DATASET EXCERPT:
☆ ☆ ☆ ☆ ☆ ☆ ☆

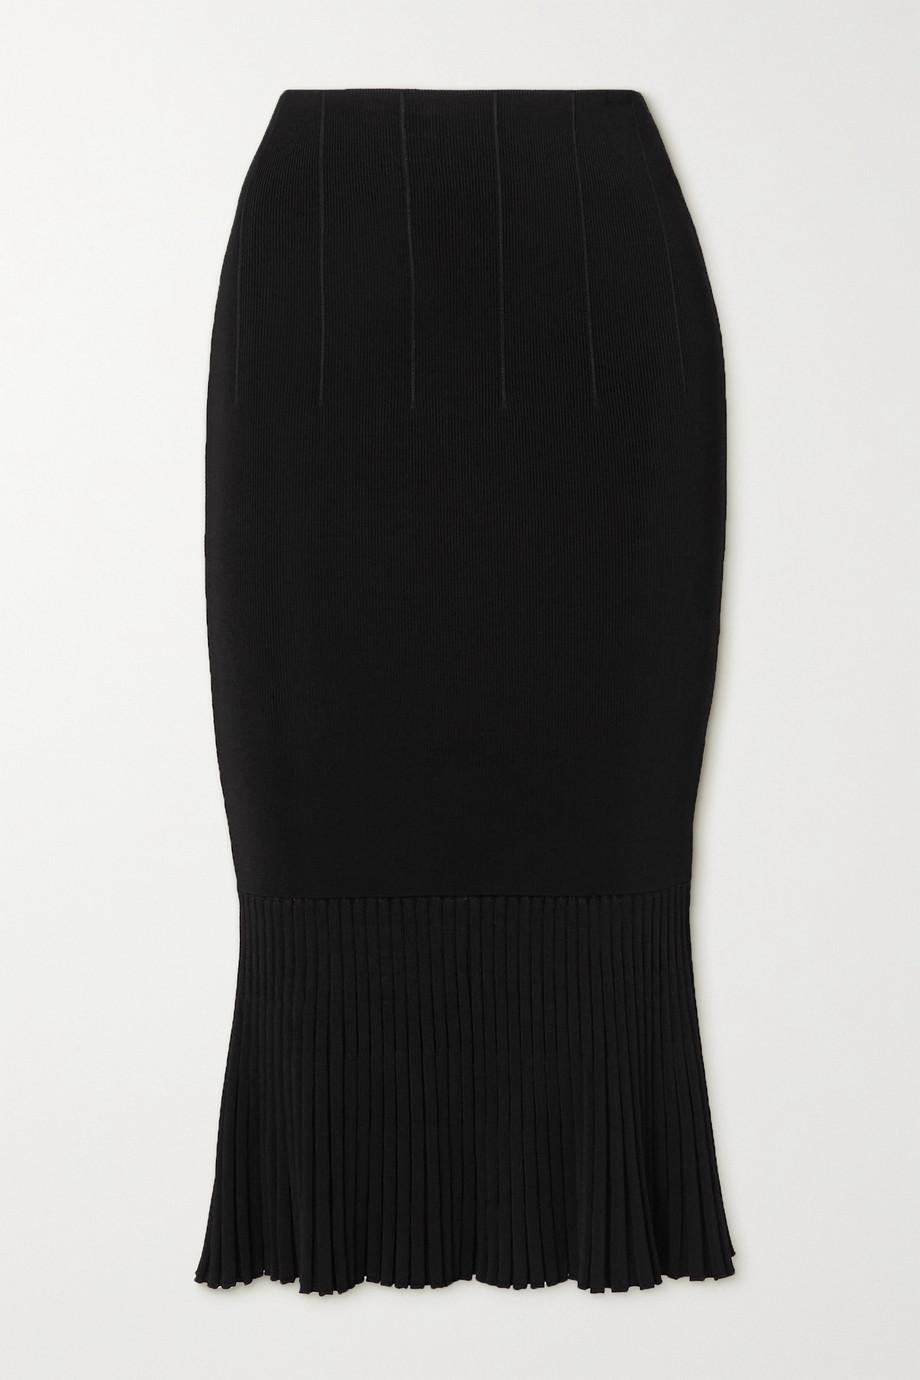 Galvan Atlanta pleated ribbed stretch-knit skirt
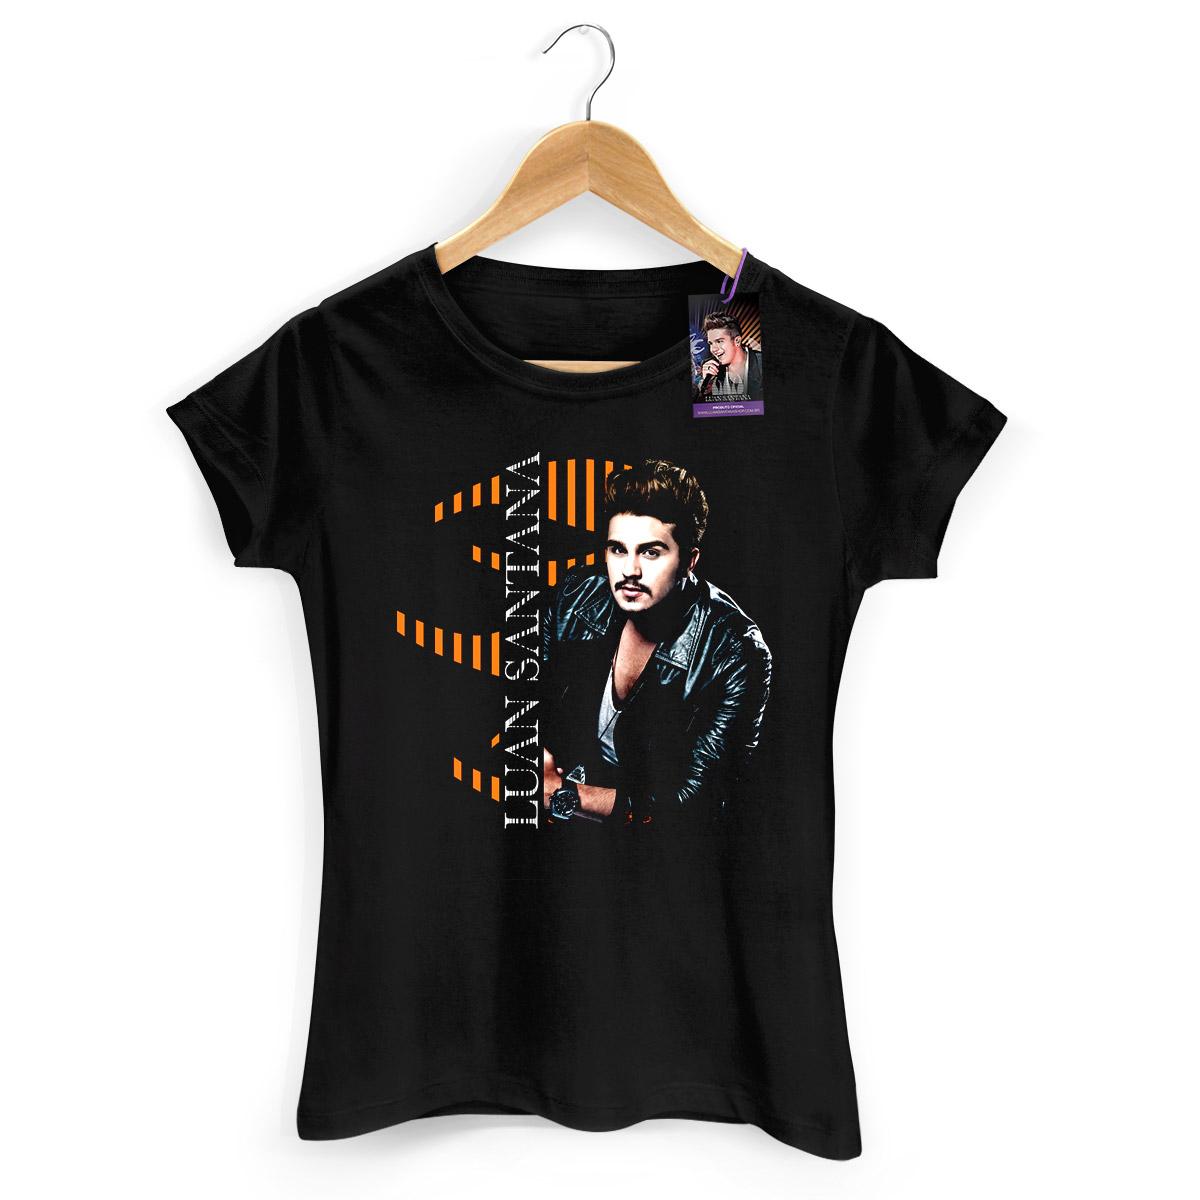 Camiseta Feminina Luan Santana Type
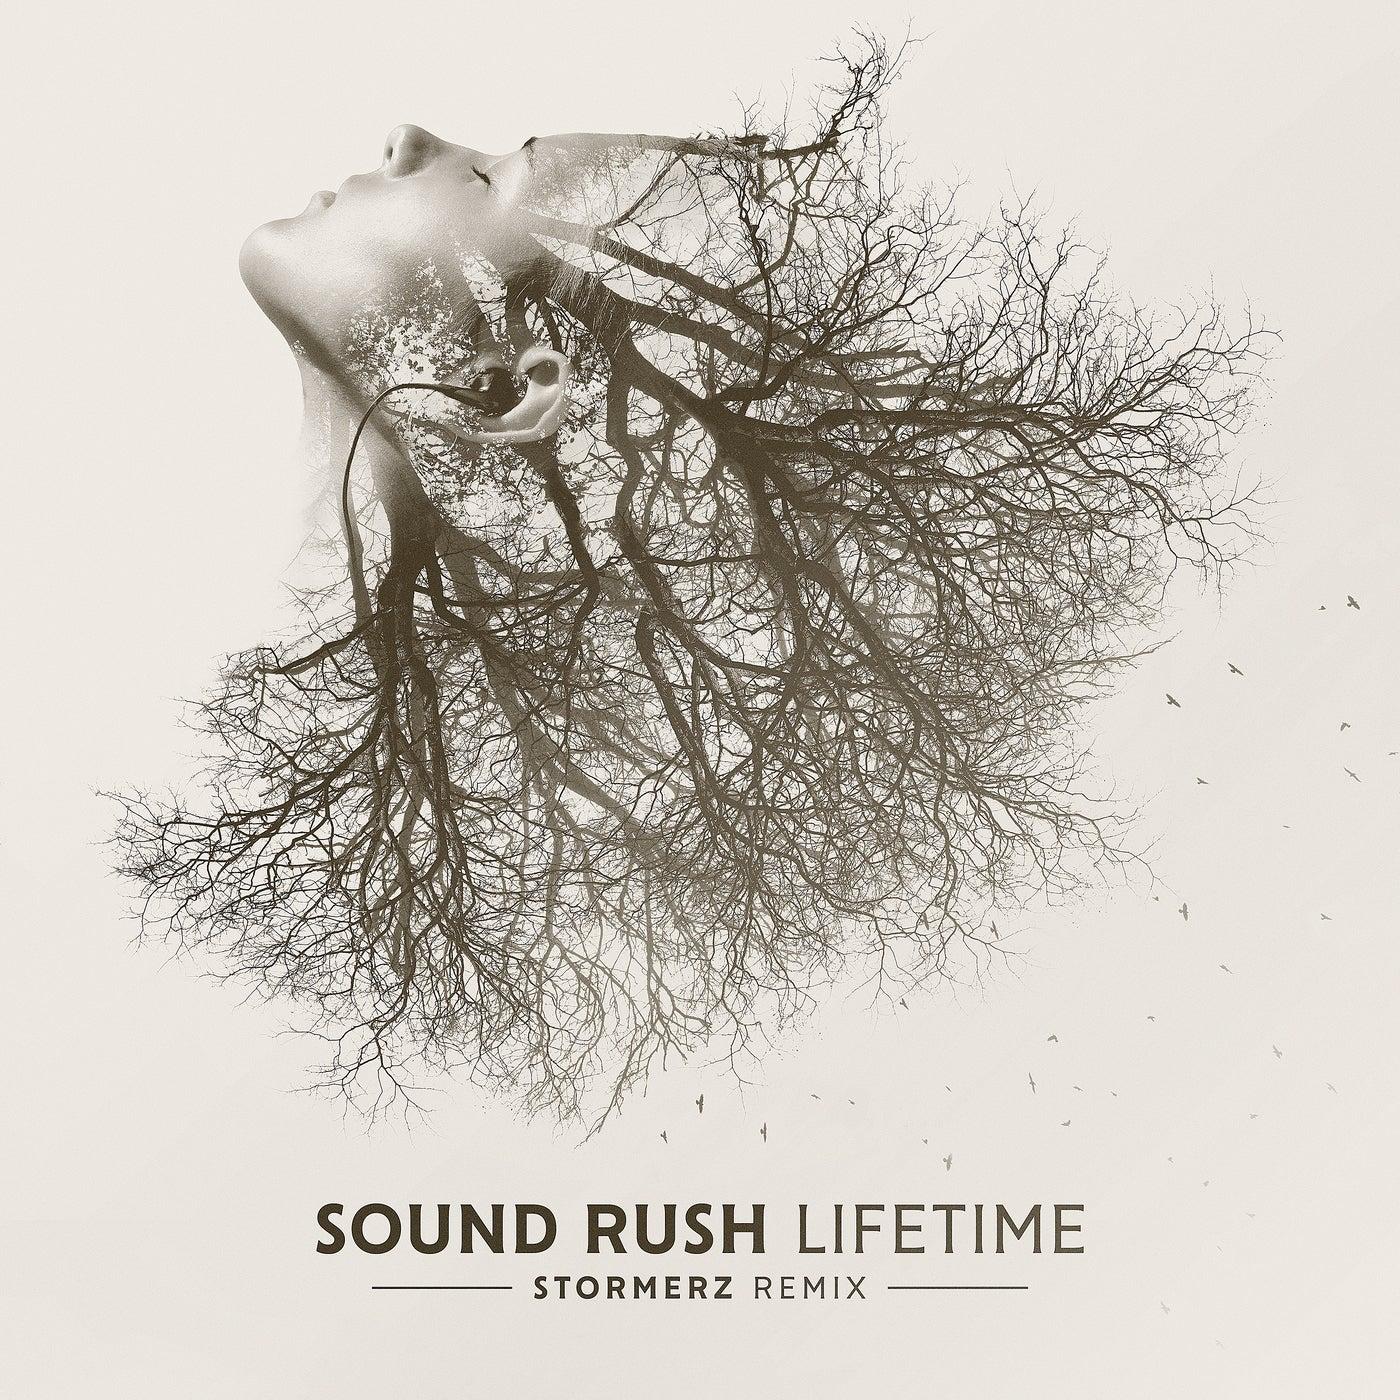 Lifetime (Stormerz Extended Remix)

☆ ☆ ☆ ☆ ☆ ☆ ☆

EXERCISE: Copy all the material above exactly, but skip each image.

FINAL ANSWER:
 Galvan Atlanta pleated ribbed stretch-knit skirt
 Camiseta Feminina Luan Santana Type
 Lifetime (Stormerz Extended Remix)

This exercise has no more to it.